▶ _Your goal_
For every line in the material, output its text exactly and exclude any image it holds.

Segment Start: Provided data

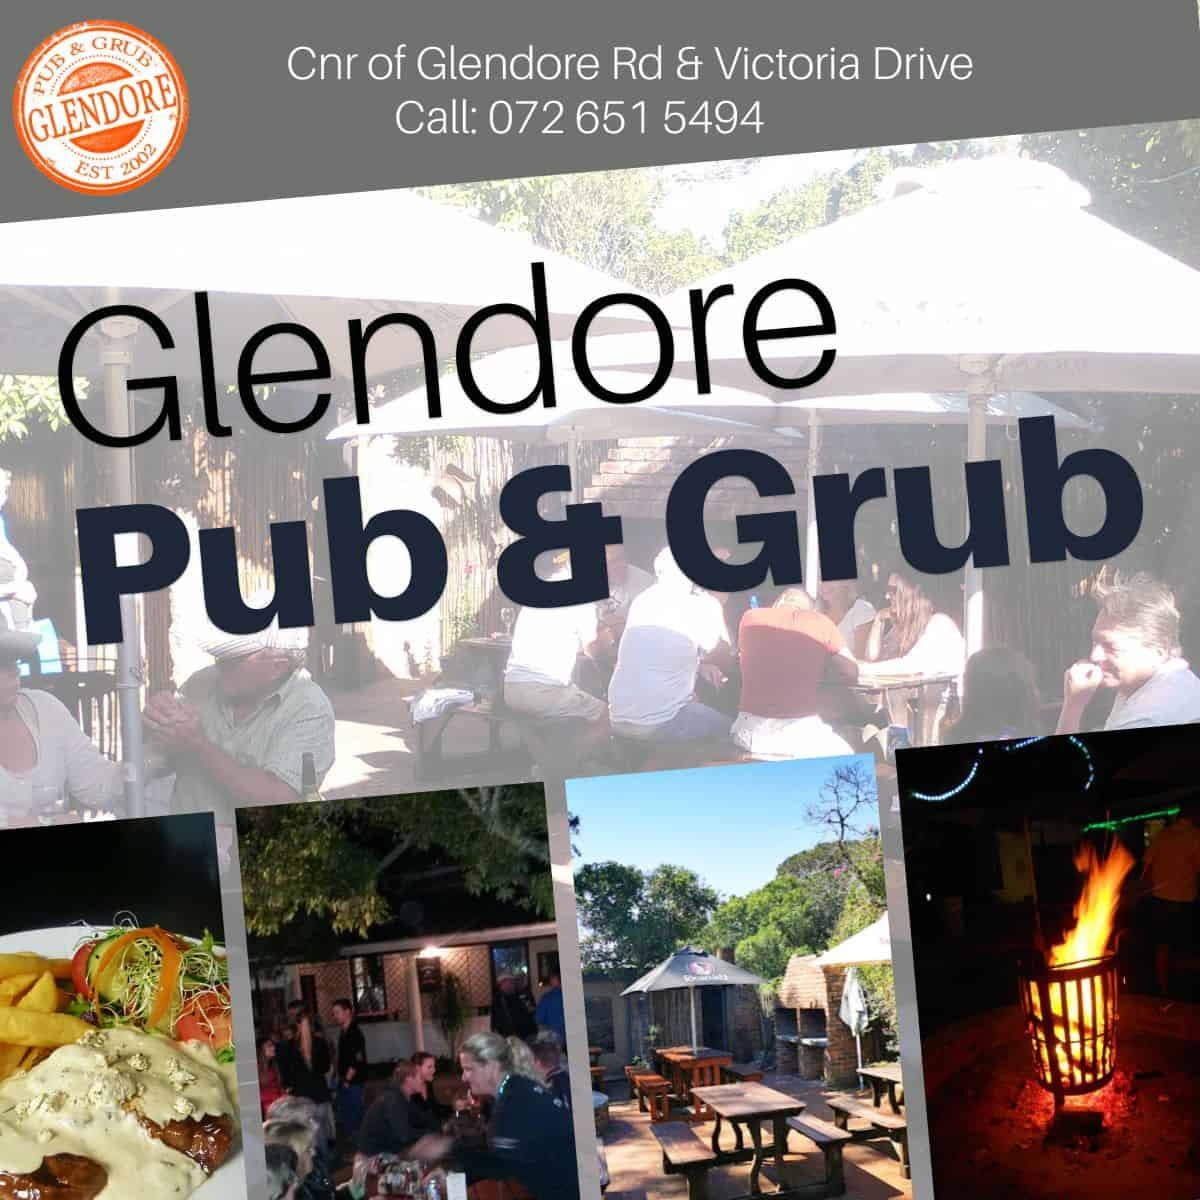 Glendore-1200×1200-layout1306-1g7r51d
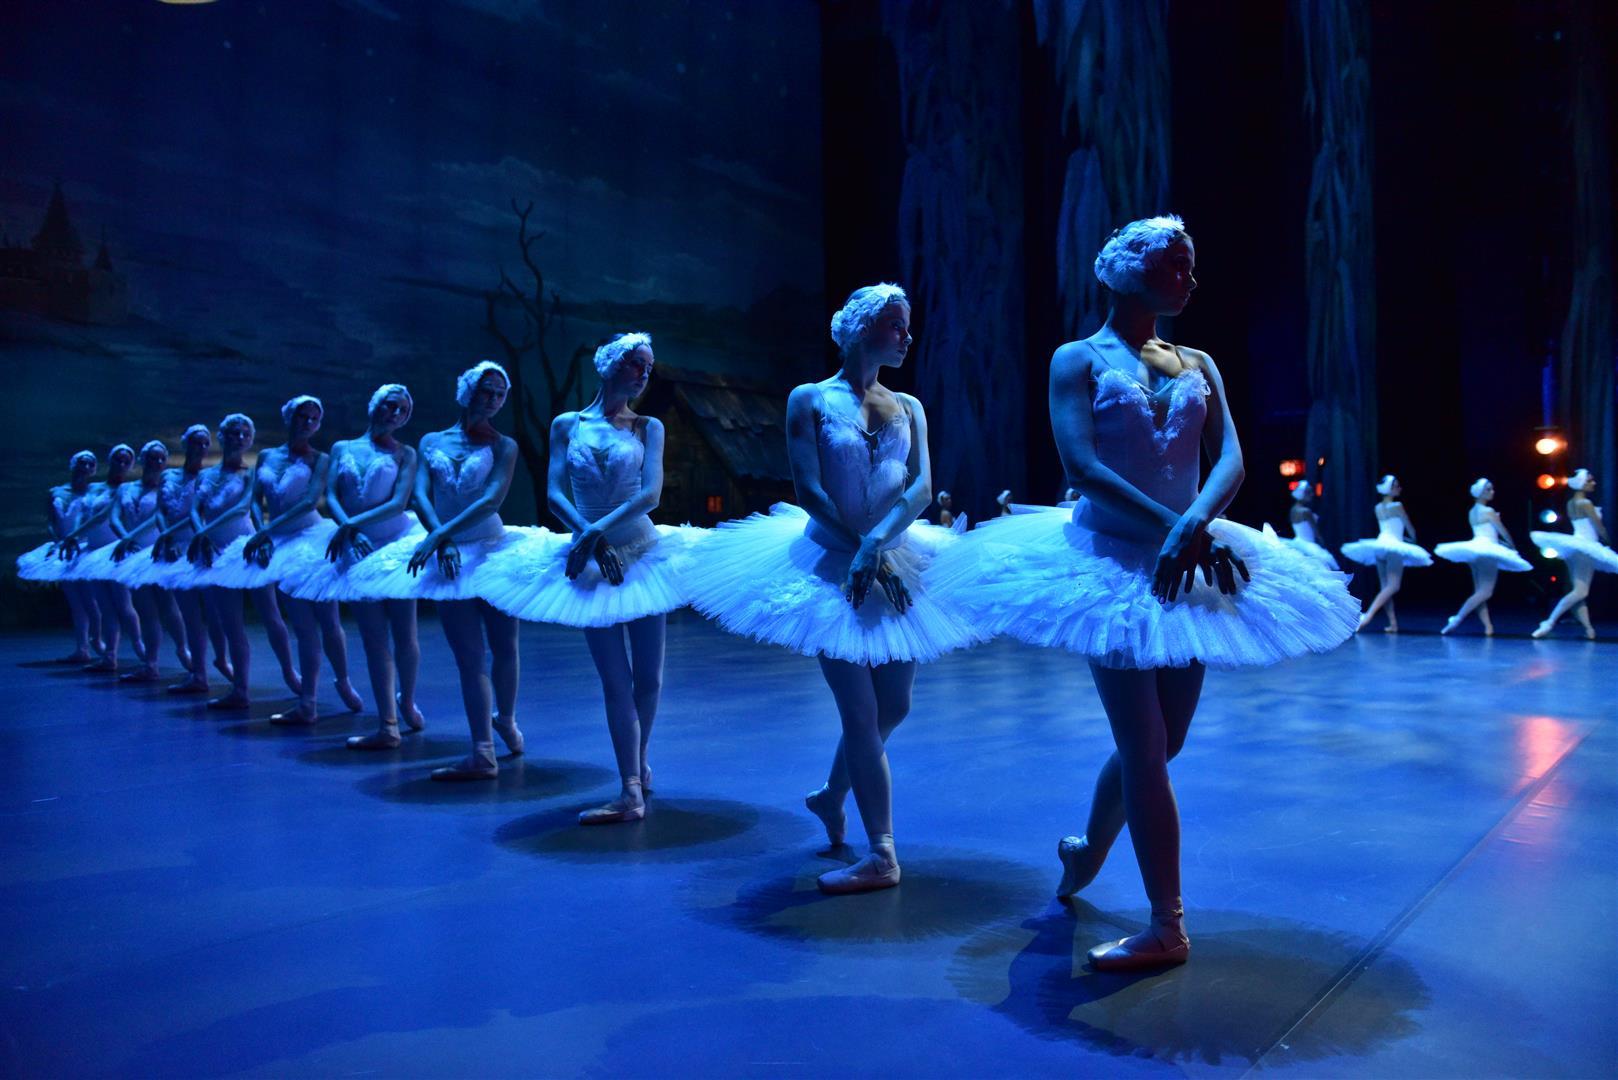 Dižais balets
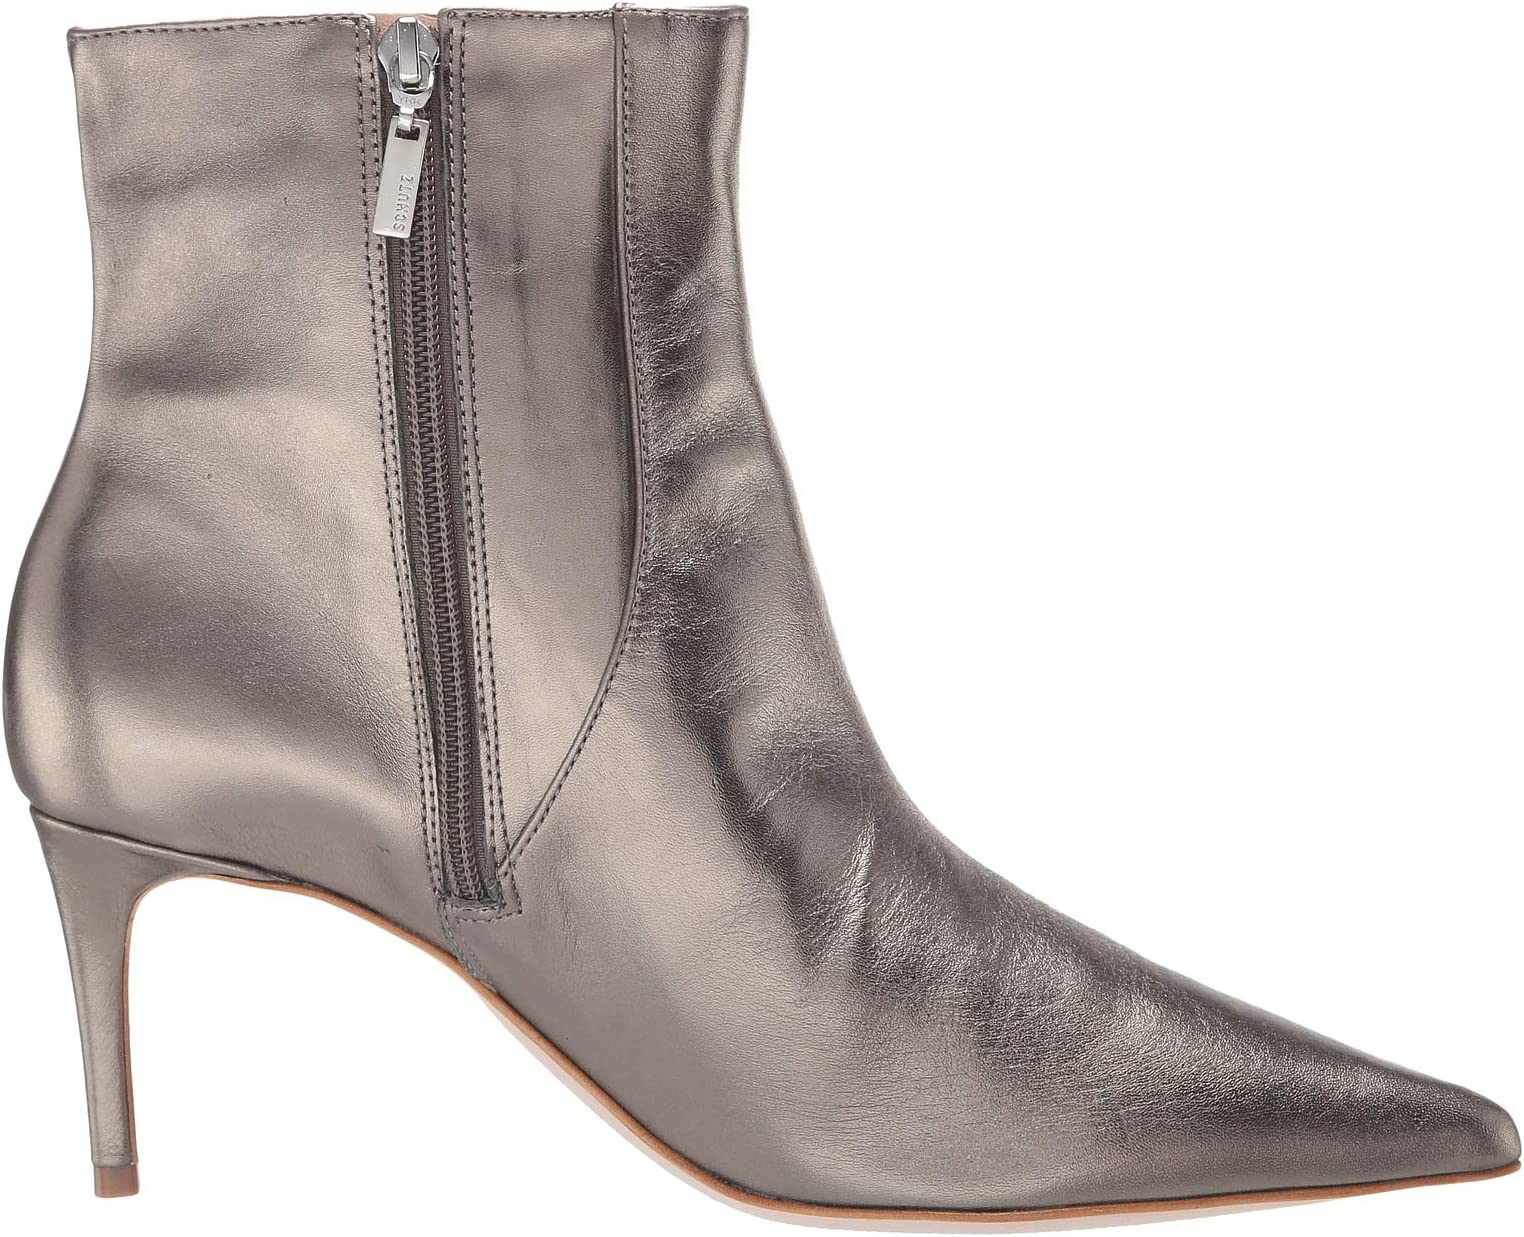 Schutz Bette | Women's shoes | 2020 Newest

Segment End: Provided data

▶ _Output_
 Glendore-1200×1200-layout1306-1g7r51d
 Dižais balets
 Schutz Bette | Women's shoes | 2020 Newest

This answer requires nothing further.